Working data:
· · · · ·

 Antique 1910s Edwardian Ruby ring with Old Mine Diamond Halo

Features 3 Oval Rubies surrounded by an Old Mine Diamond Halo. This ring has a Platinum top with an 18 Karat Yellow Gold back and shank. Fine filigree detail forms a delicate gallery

· · · · ·

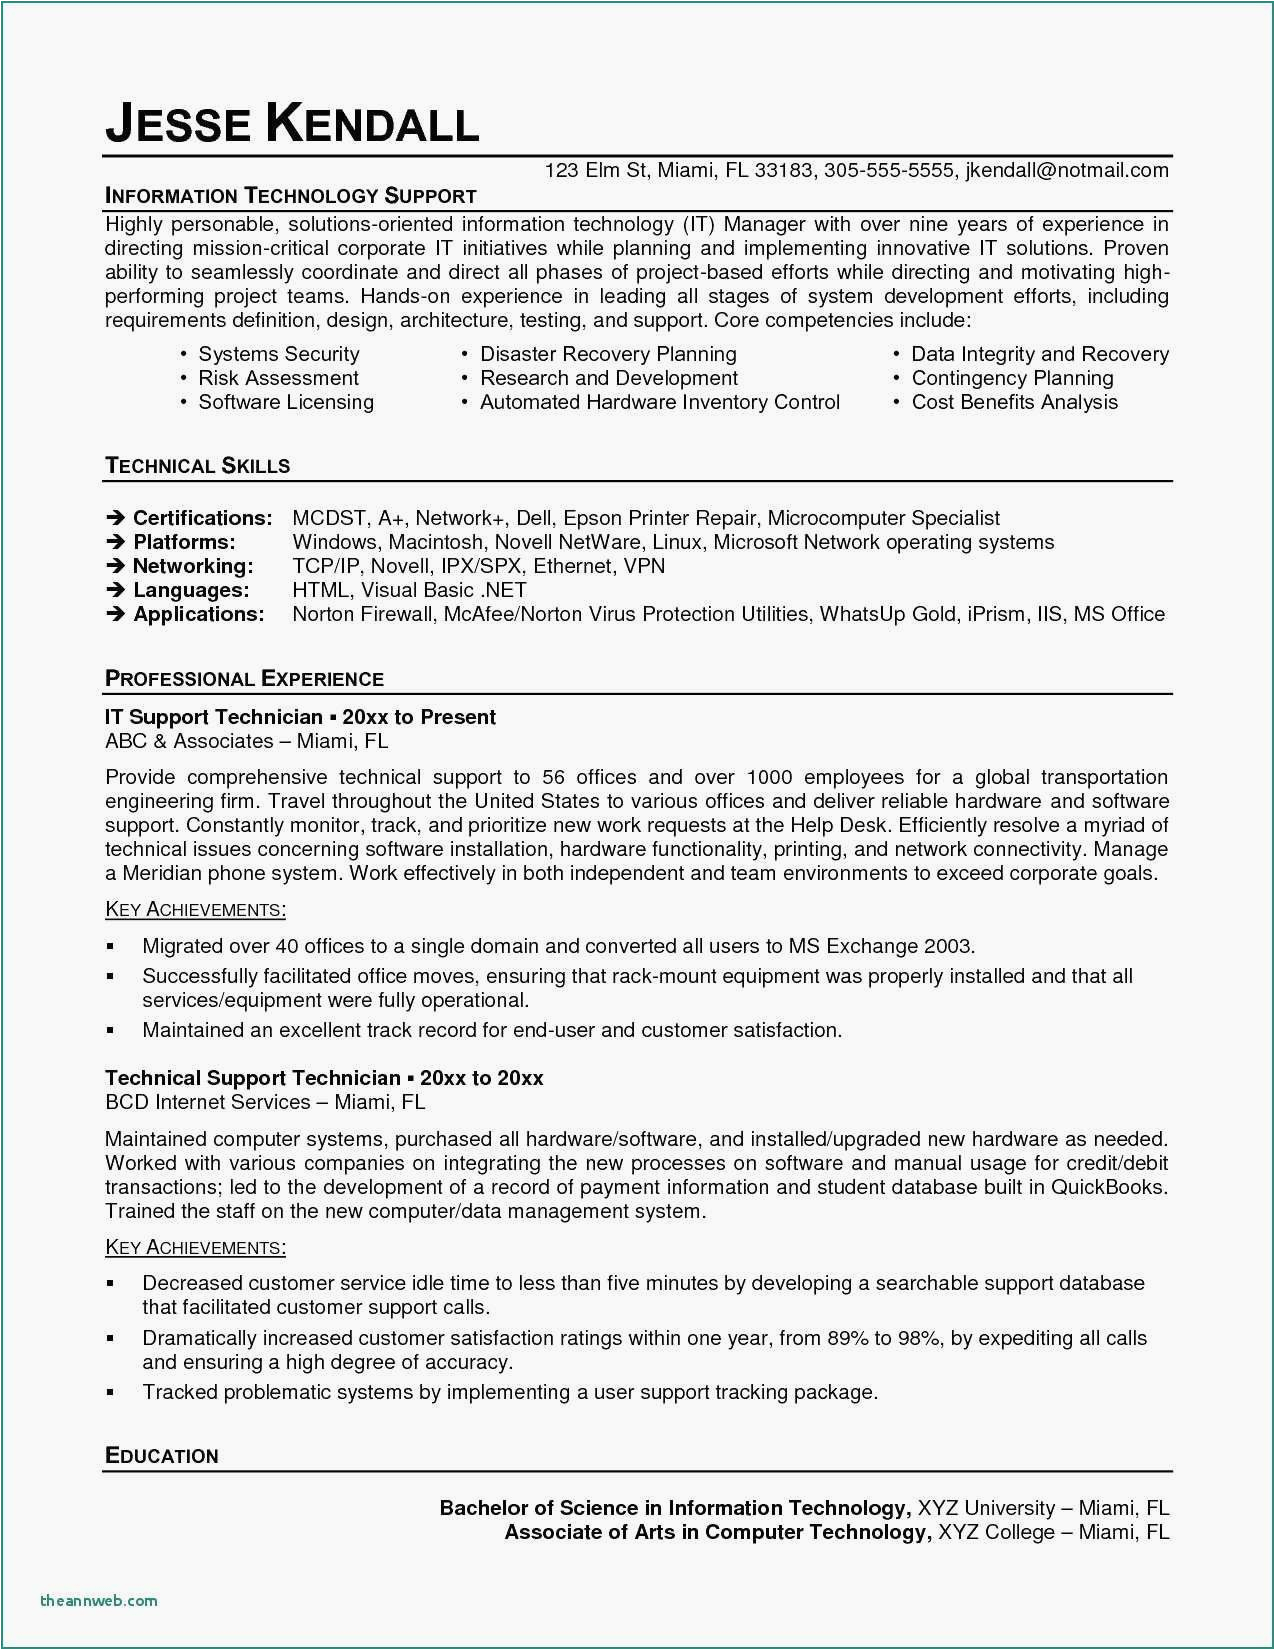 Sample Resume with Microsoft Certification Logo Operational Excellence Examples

· · · · ·

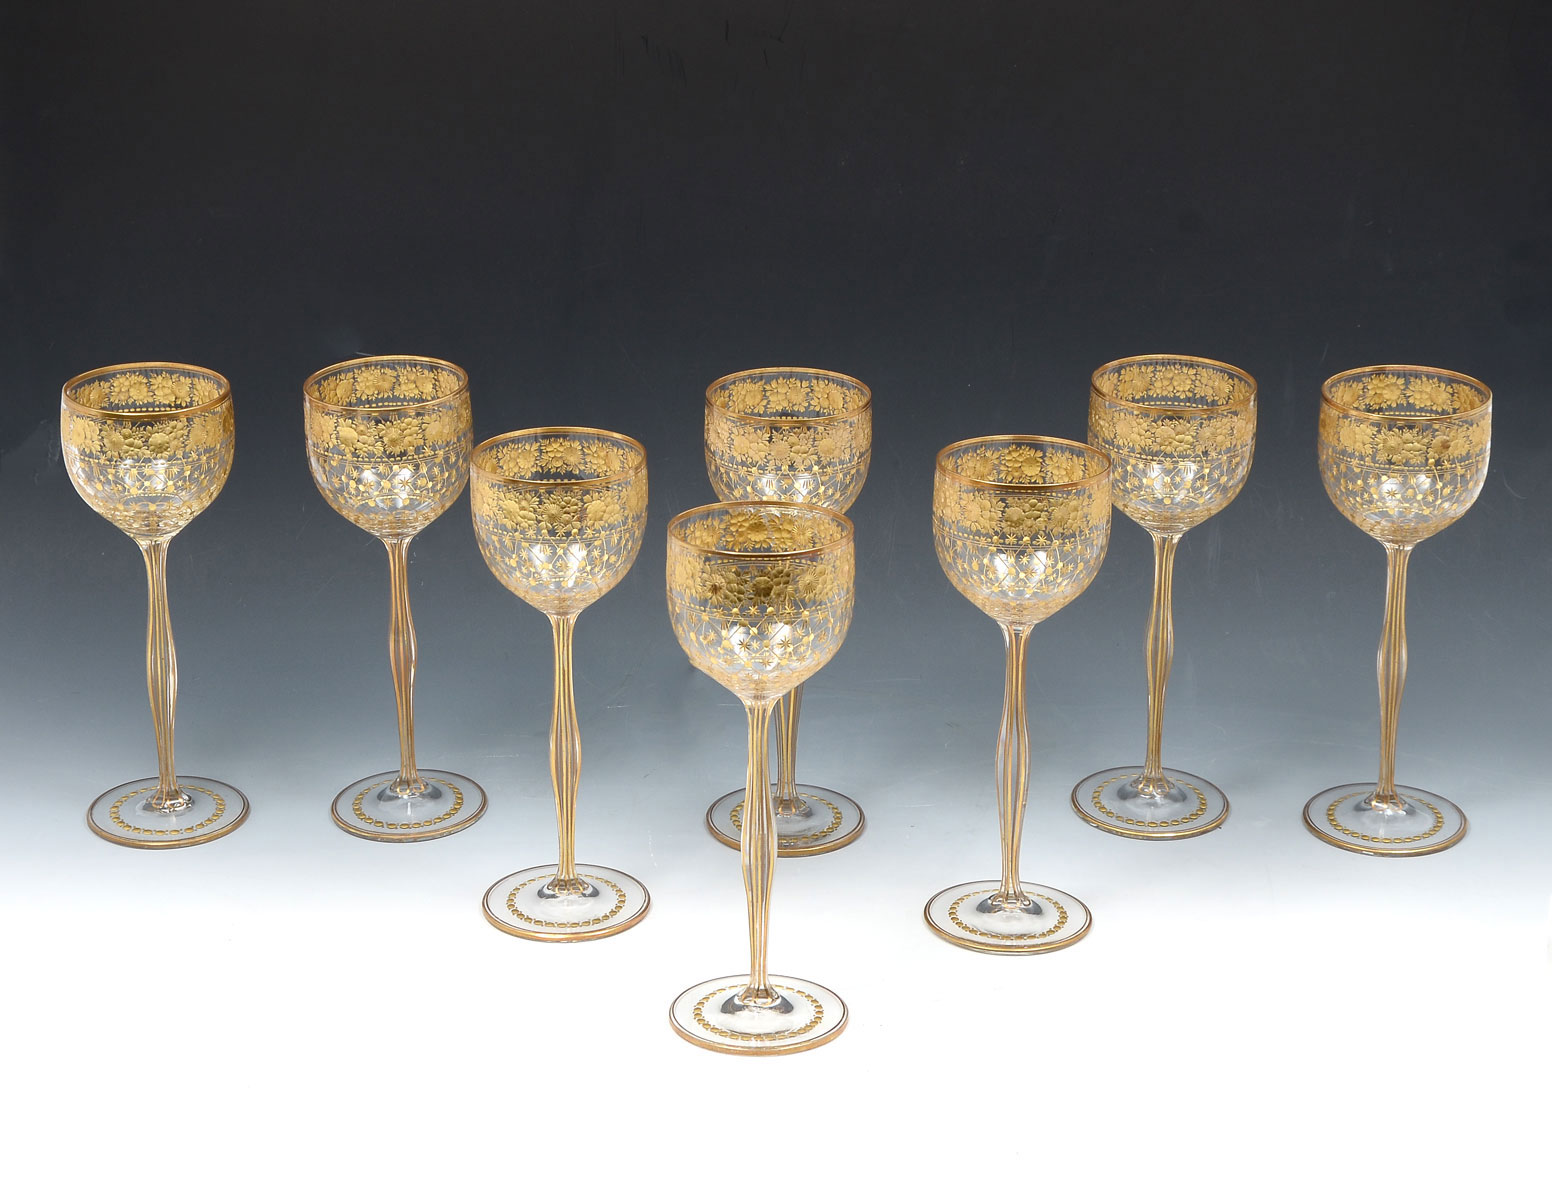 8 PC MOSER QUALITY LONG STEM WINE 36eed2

· · · · ·

What is being asked:
Lines of the material in which the word "Mine" occurs are to be copied out.

Solution:
 Antique 1910s Edwardian Ruby ring with Old Mine Diamond Halo
Features 3 Oval Rubies surrounded by an Old Mine Diamond Halo. This ring has a Platinum top with an 18 Karat Yellow Gold back and shank. Fine filigree detail forms a delicate gallery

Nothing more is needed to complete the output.